Page 1 of 1

Find the white blocks between text and pictures

Posted: 2008-09-02T05:23:59-07:00
by rmagick
An RMagick user asks:
I have a number of black-and-white scanned pages. To prepare them for OCR,
I have to split them in columns and rows. Additionally, somewhere in between, there
are pictures, which also need to be separated.

So, in a page that might look like this:

Text1 Text4 Text6

Text2 Pict1 Text7

Text3 Text5 Pict2

I'd like to find the largest blocks of white which separate the texts and pictures, both horizontally
and vertically.
Is there a way to do this with ImageMagick? I can easily convert the commands and options into RMagick code for him.

Re: Find the white blocks between text and pictures

Posted: 2008-09-02T21:49:05-07:00
by anthony
Not directly in IM, but Im can be used to seperate the blocks.

I wrote a script as a proposed horizontal and vertial 'block' segmentation algorithm.

See the Script divide_vert which looks for rows of pixels that is all the same color (exactly the same at this time, no fuzz :-( ) and outputs either just the interesting blocks, or those bloce with the 'spacing' blank images, it found between those blocks.

this script was creating in response to someone elses problem, and should be able to be expanded to do what you request.

If you can give me a 'shrunk' example image, I may be able to work on it a bit more to make it do what you want, and make a utility that would be much more useful in general.


NOTE: most good OCR software have options to select the areas of the image that contains the text to be converted.

ASIDE: The DjVu image format is designed to do this horizontal / vertical separation of blocks right down to character level so as to find and delete duplicate images (characters) and thus shrink scanned images to the MAX, regardless of the font and style of the book being scanned!
This naturally lends itself perfectly for OCR conversion of the smaller images.

Re: Find the white blocks between text and pictures

Posted: 2008-09-04T11:34:36-07:00
by rmagick
Thanks for the tip, Anthony!

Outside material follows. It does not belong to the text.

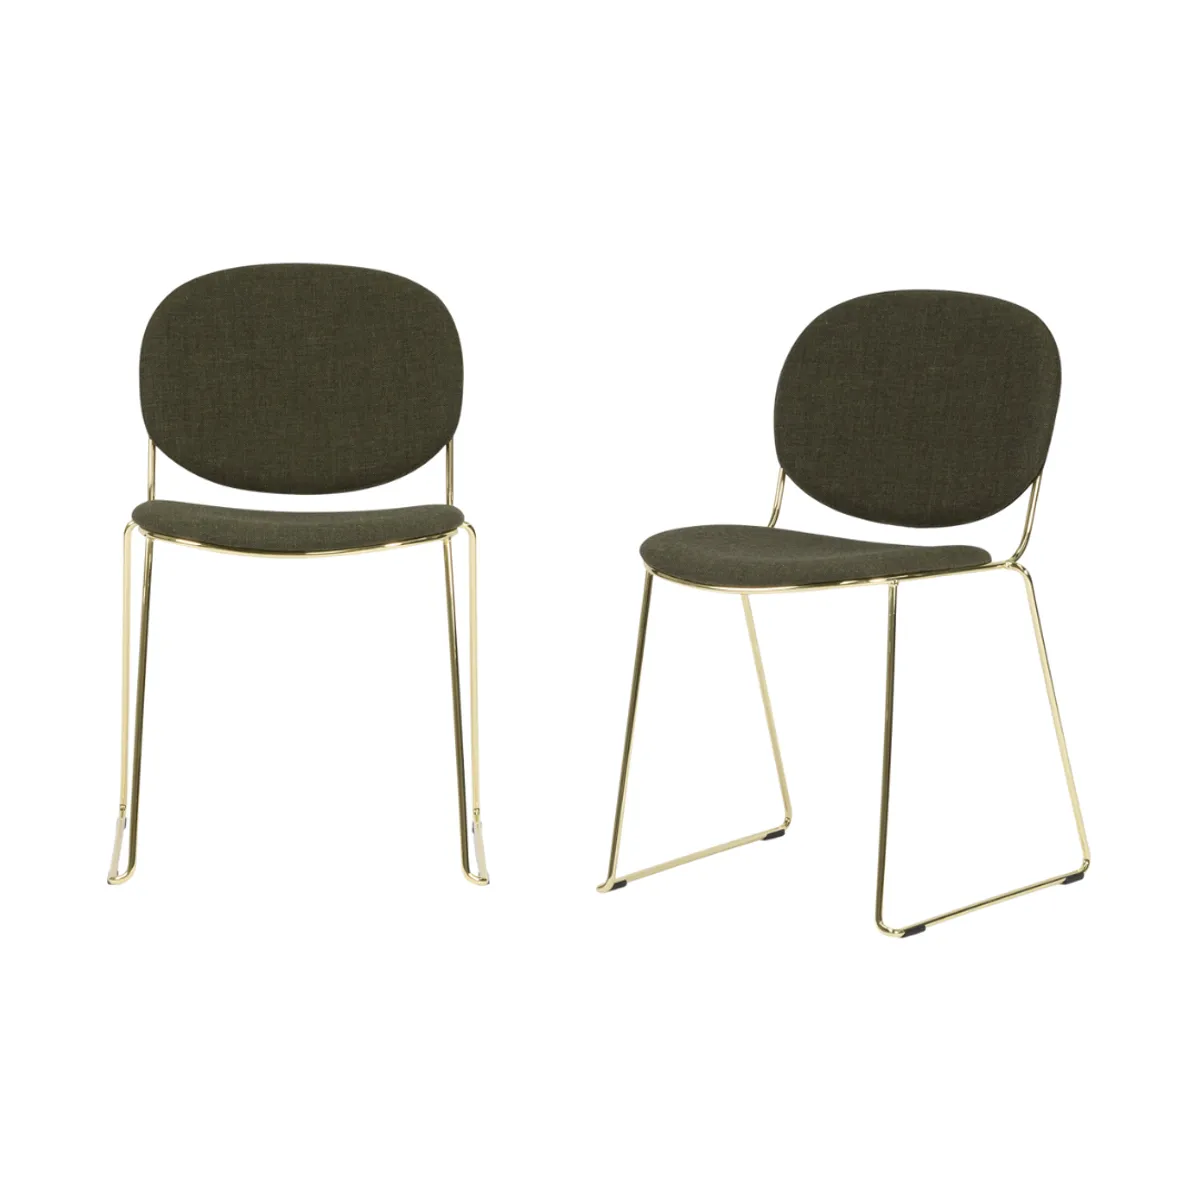 Timo stacking chair 2

I've passed it along to the RMagick user and volunteered to help convert it to Ruby and RMagick. I have to say though, after looking at your "heroic" script, I'm glad I get to use Ruby for my IM-ing :D

Re: Find the white blocks between text and pictures

Posted: 2008-09-04T16:36:32-07:00
by anthony
You are quite welcome. The script was designed as a proof of concept rather than any specifically useful application, which is why it only does vertical segmentation.

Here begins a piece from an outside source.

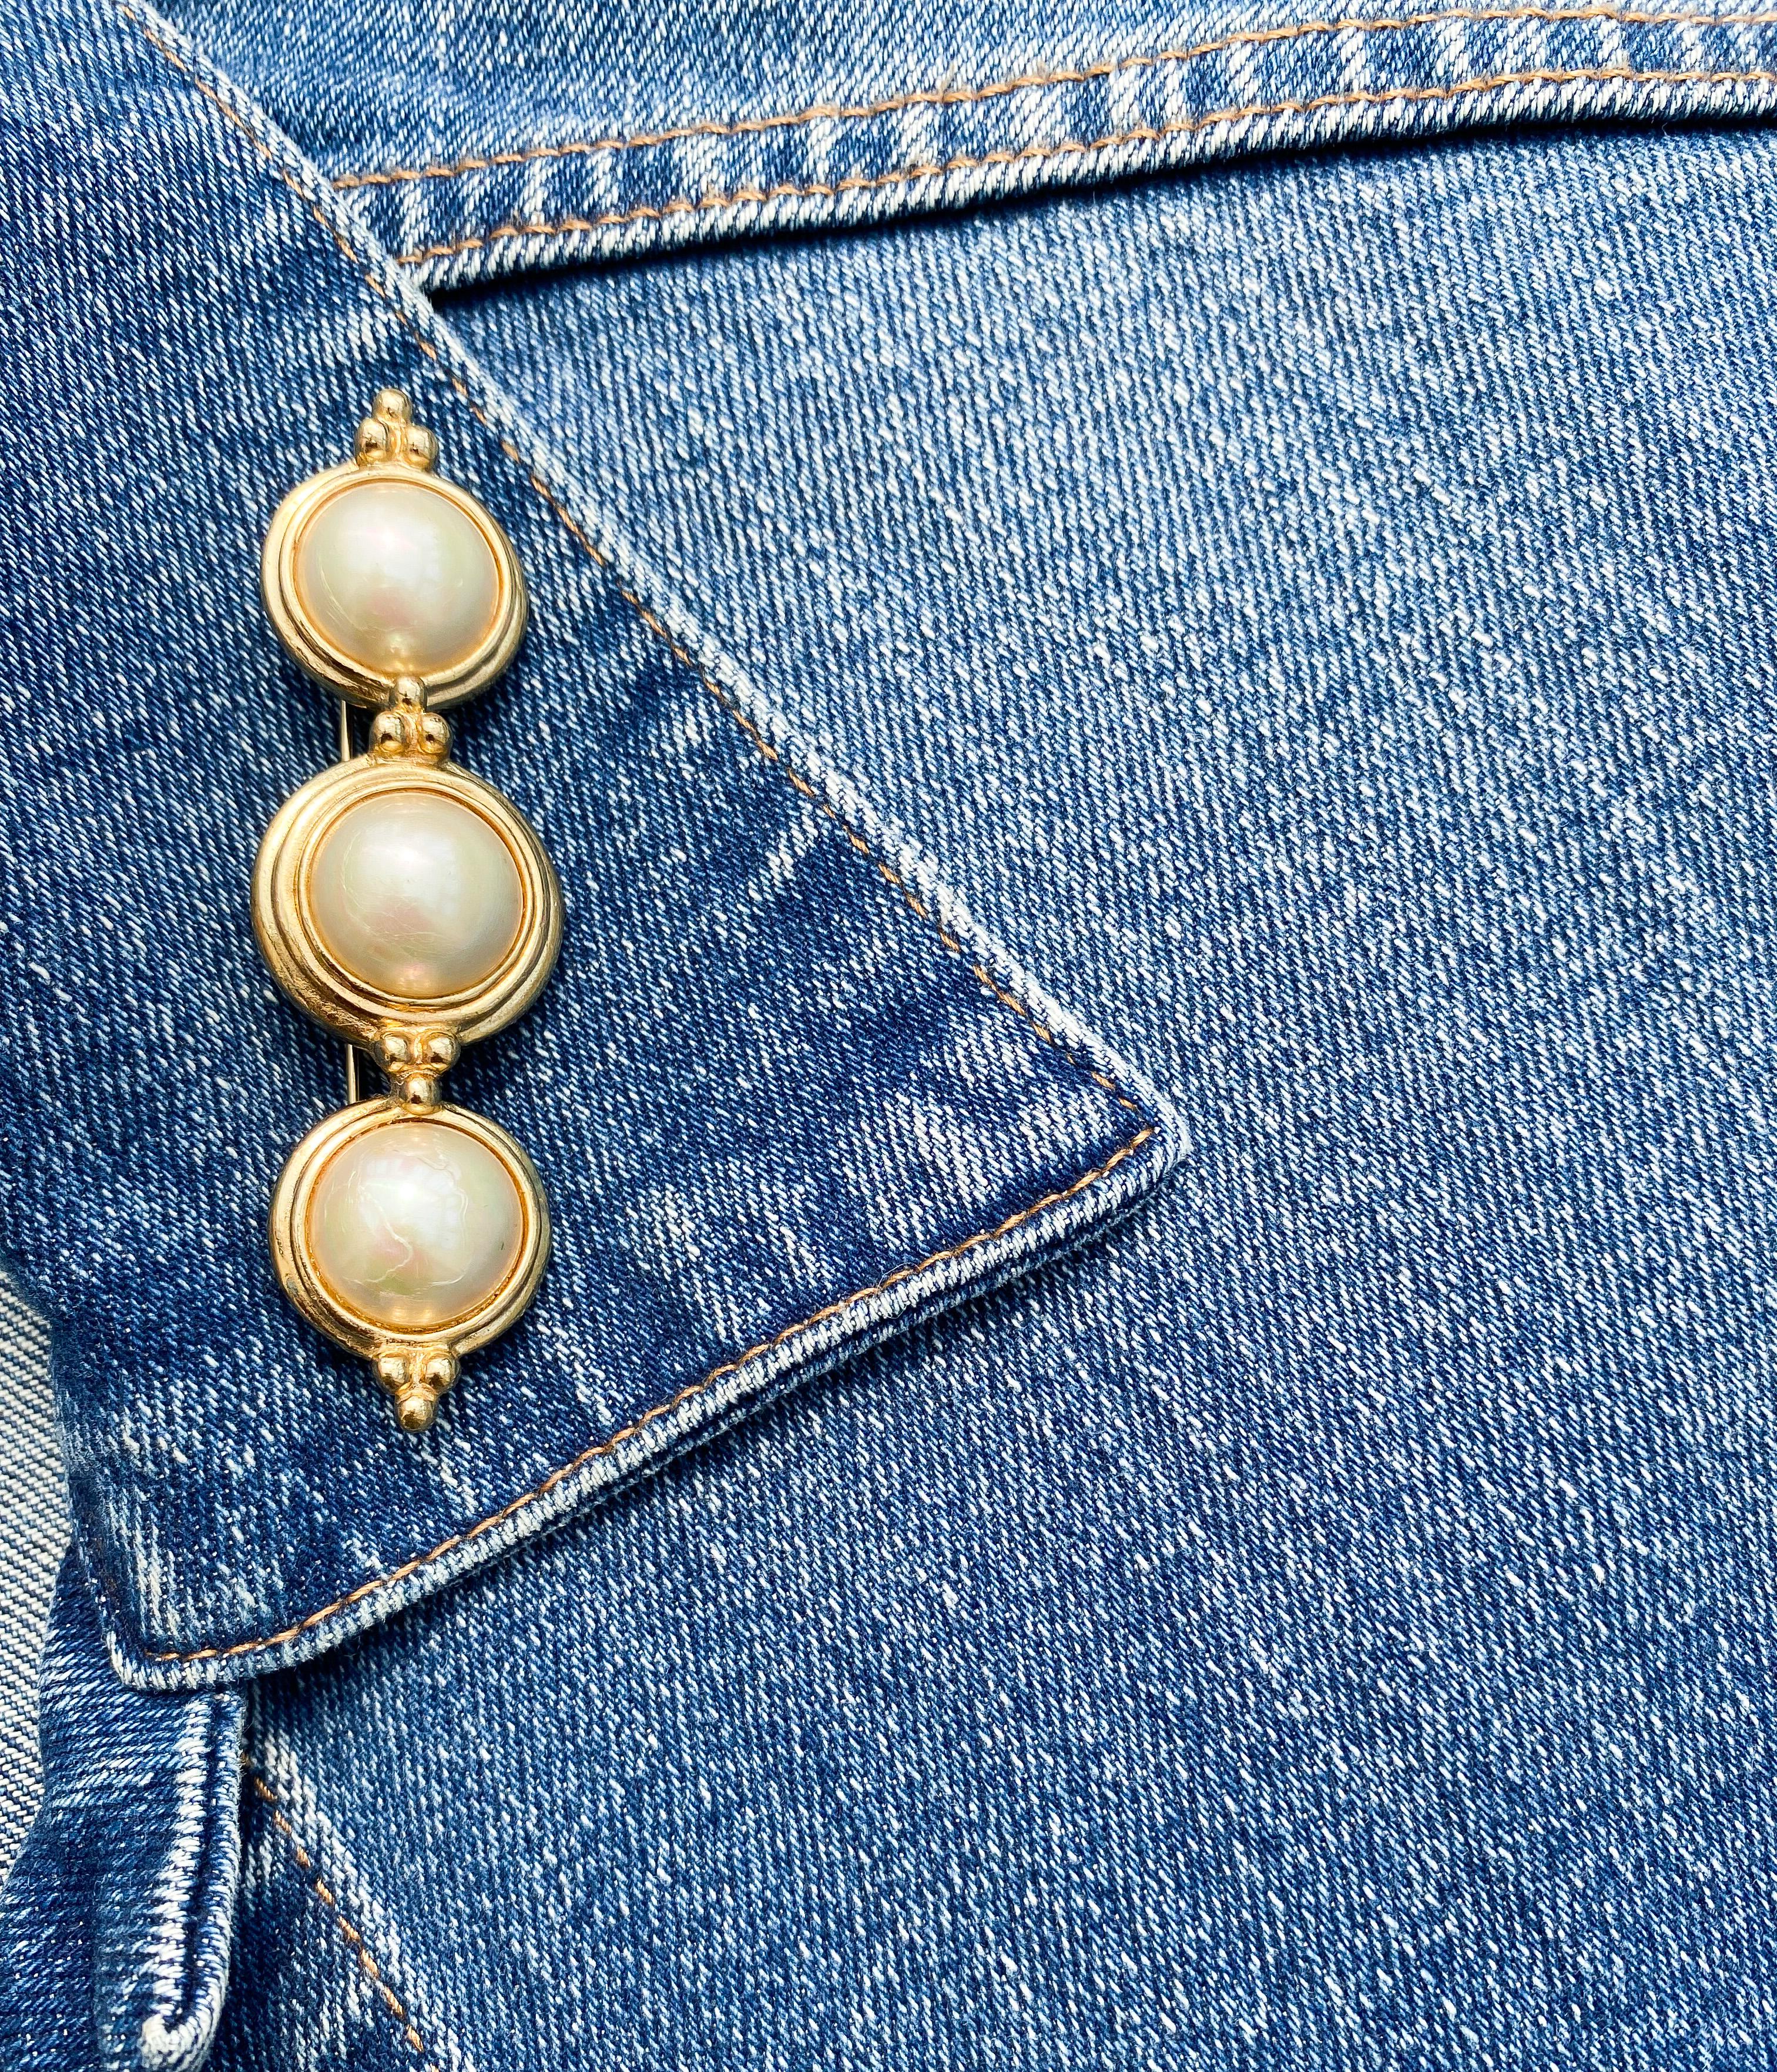 A paste pearl and gilt metal bar brooch and matching earrings, C. Dior, 1980s. For Sale 3

Segmentation of an image into separate parts is an area that IM is sorely lacking, even if those parts are already well defined as in black and white scans of documents.

I would like to see vertical, horizontal, segmentation, and the black and white mask separation techniques (see segment_image script) programmed into the IM core for speed, as well as the addition of color and texture area division methods.

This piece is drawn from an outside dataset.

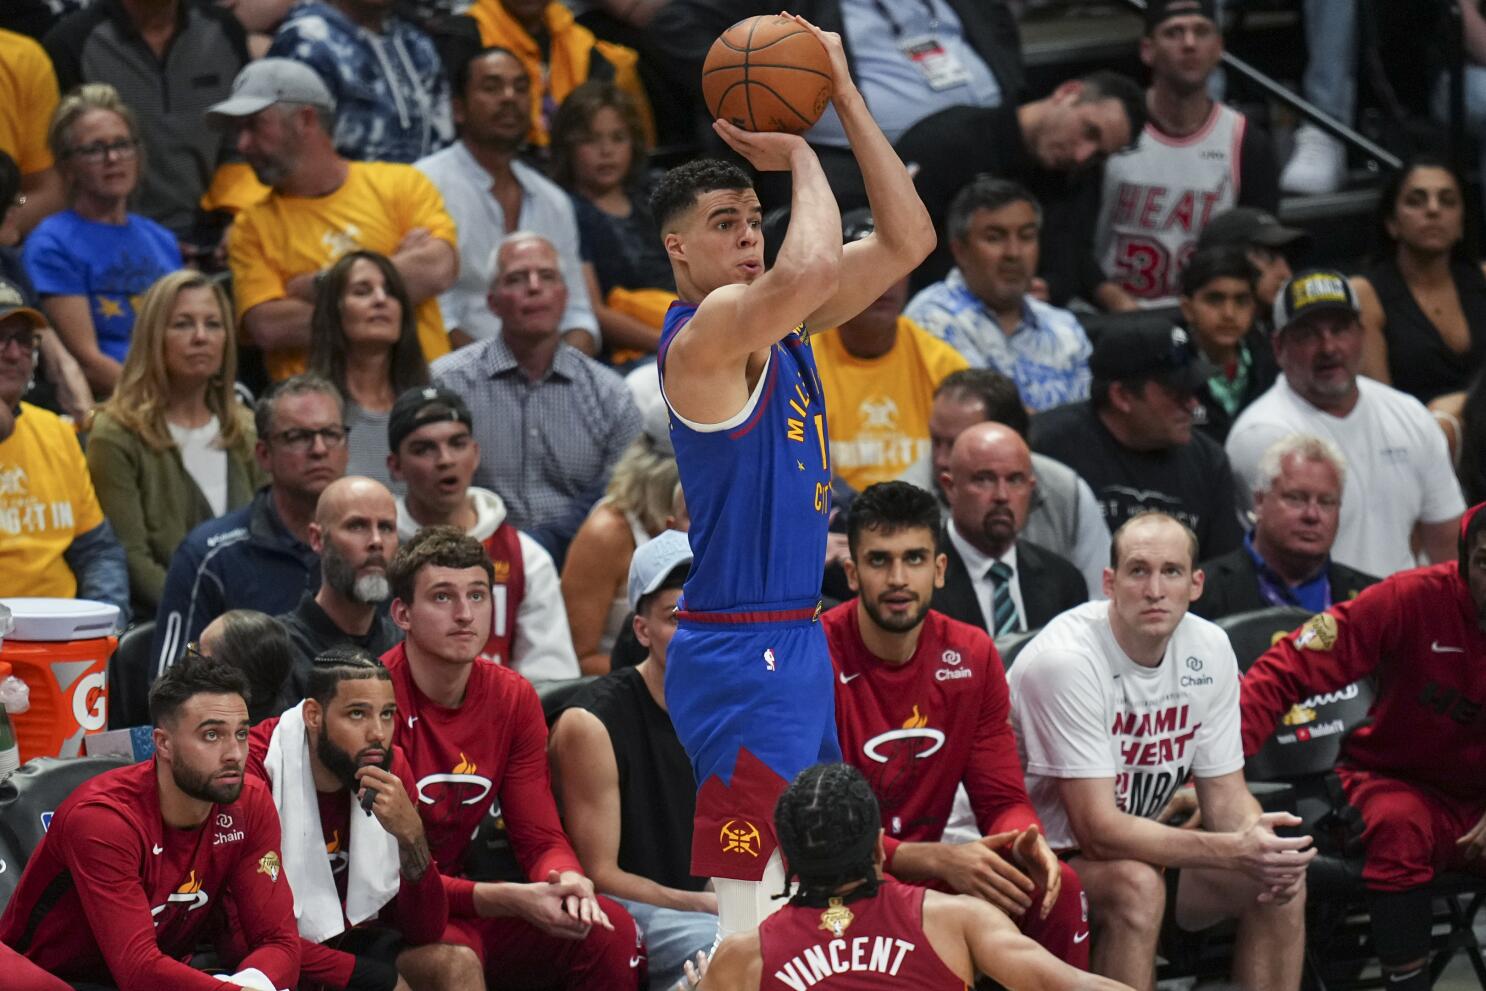 Michael Porter Jr., his shot off, does other things in Game 1 win

Please keep us (especially me) informed as to your RMagick progress in this matter.

Re: Find the white blocks between text and pictures

Posted: 2008-09-04T16:54:16-07:00
by fmw42
Has anyone considered building upon the blob counting method of the following post (of which el_supremo has provided some code):

viewtopic.php?f=1&t=10889

Did or could any of this be built into an IM function?

Re: Find the white blocks between text and pictures

Posted: 2008-09-04T17:35:10-07:00
by anthony
el_supremo method was designed only to locate and output the largest blob, and did so with his own flood fill method.

My script, generates a separate image for each and every blob, regardless of colors.

This type of segmentation can also make good use of image 'morphology' operations as shown by Fred Weinhaus Scripts, to expand and merge 'near' segments. This also has yet to be added into the IM core.

Finally when you have a layered sequence of segment masks you can use them with my -layers composite operator to extract each mask from the original un-modified image.
This is something I have not started a section on in IM Examples, and probably should.